The role of captives in their parent's risk financing and management strategy is becoming more and more crucial. When considered in light of the following context, this is clear:

  • Heavy and increasing premium costs in almost every line of coverage
  • Difficulties in insuring certain types of fortuitous risk
  • Differential coverage standards in various parts of the world
  • Rating structures which reflect market trends rather than individual loss experience
  • Insufficient credit for deductibles or loss control efforts


Other forms

Reciprocals, in which policyholders reciprocate by sharing risks, and Lloyd's organizations are two additional configurations for an insurance firm.


Admitted versus non-admitted

Insurance companies in the United States that have been accepted or granted a license by the state licensing body are known as acknowledged insurance companies. They market accepted insurance as their product. When admitted firms are unable or unwilling to fill a need for insurance, non-admitted companies are permitted to provide insurance under particular circumstances despite not having received state licensing agency approval.


Insurance consultants

There are organizations referred to as "insurance consultants." These businesses receive a charge from the customer to research various insurance policies from different firms, much like a mortgage broker. An "insurance broker" works with numerous insurance firms to get the best insurance policy, much like an insurance consultant.
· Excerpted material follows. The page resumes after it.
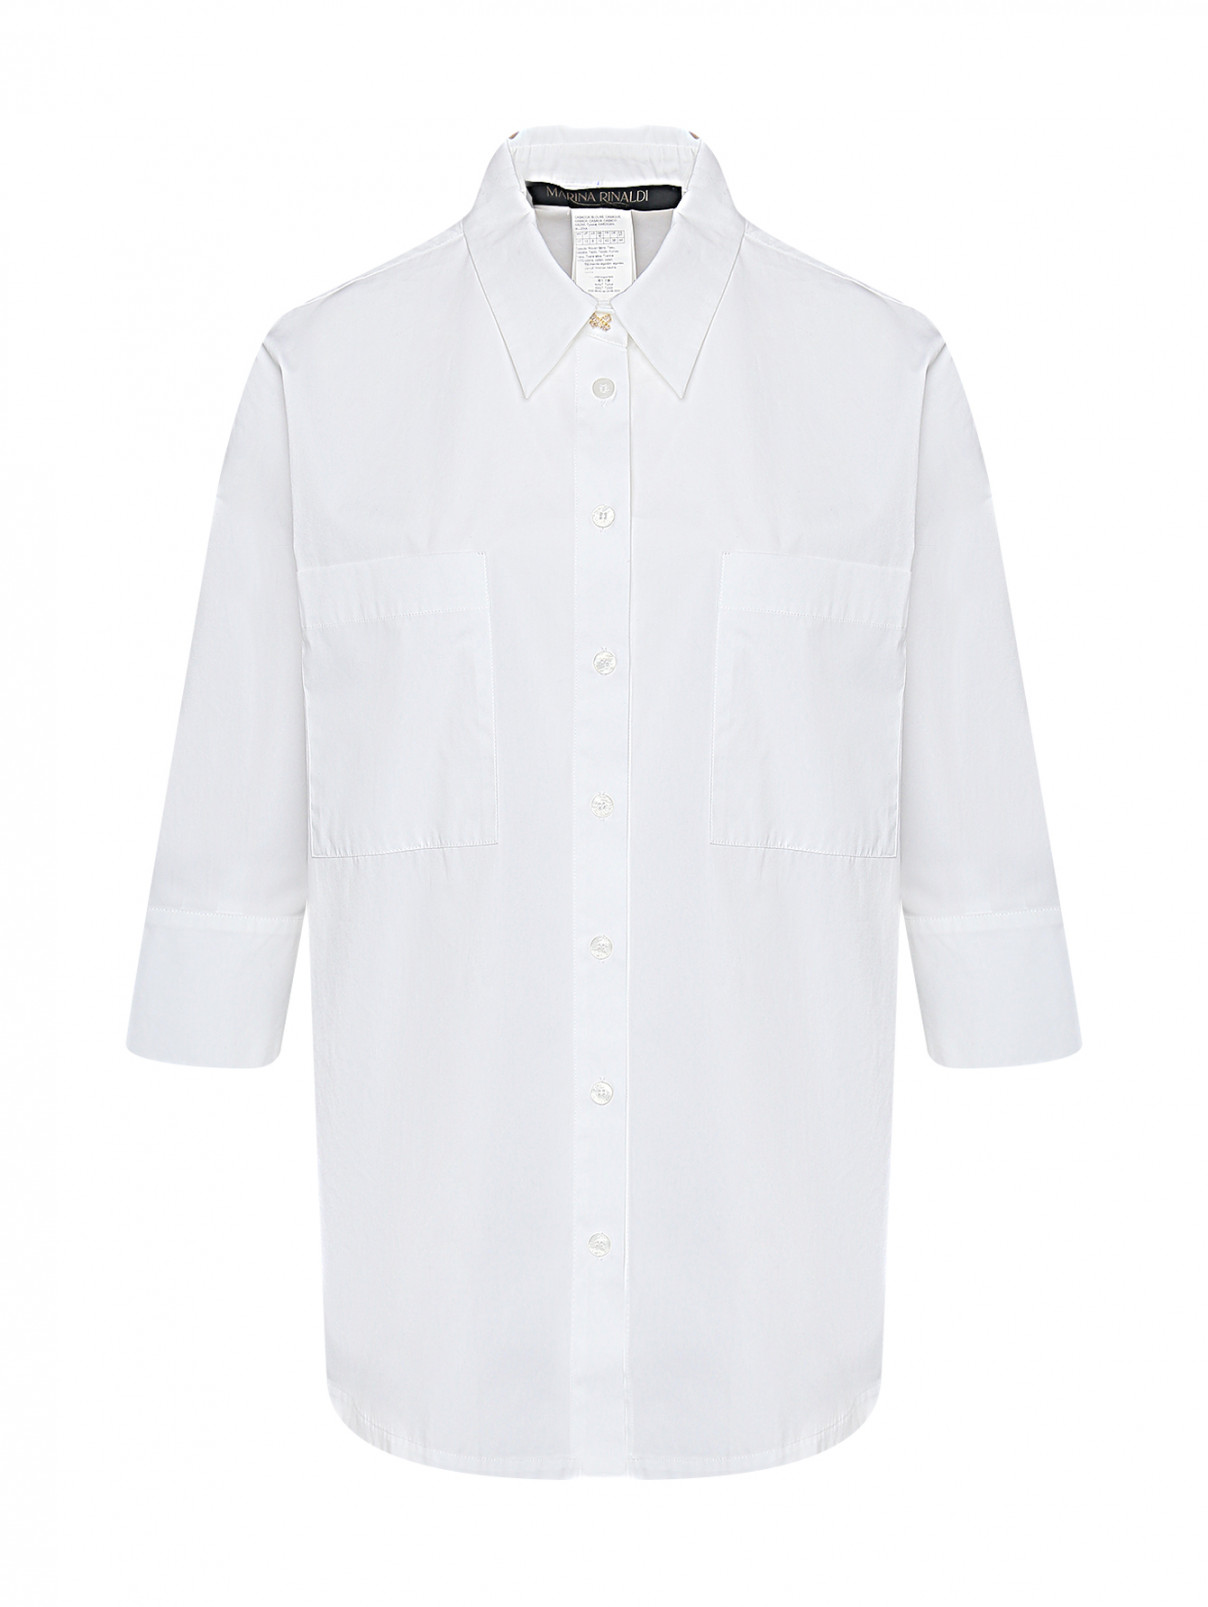 Рубашка из хлопка с карманами Marina Rinaldi  –  Общий вид  – Цвет:  Белый

However, with insurance brokers, the payment is typically made through a commission from the chosen insurer rather than by the client.


Insurance transactions do not transfer any risks to insurance consultants or brokers because neither are insurance firms. Firms known as third party administrators provide insurance companies with underwriting and occasionally claims management services. These businesses frequently possess specialized knowledge that insurance firms do not.


Financial stability and rating

When purchasing an insurance contract, the strength and stability of the insurance provider should be taken into serious consideration. A current insurance premium provides protection against losses that could occur many years in the future. The insurance company's viability is crucial because of this. Several insurance businesses have gone bankrupt in recent years, leaving their consumers without coverage (or coverage only from a government-backed insurance pool or other arrangement with less attractive payouts for losses). Information is provided and the financial viability of insurance businesses is rated by a number of independent rating agencies.

Several organizations, including A. M. Best, rate insurance companies. The company's financial strength, which gauges its capacity to settle claims, is factored into the ratings. Bonds, notes, and securitization products, among other financial instruments issued by the insurance firm, are also rated.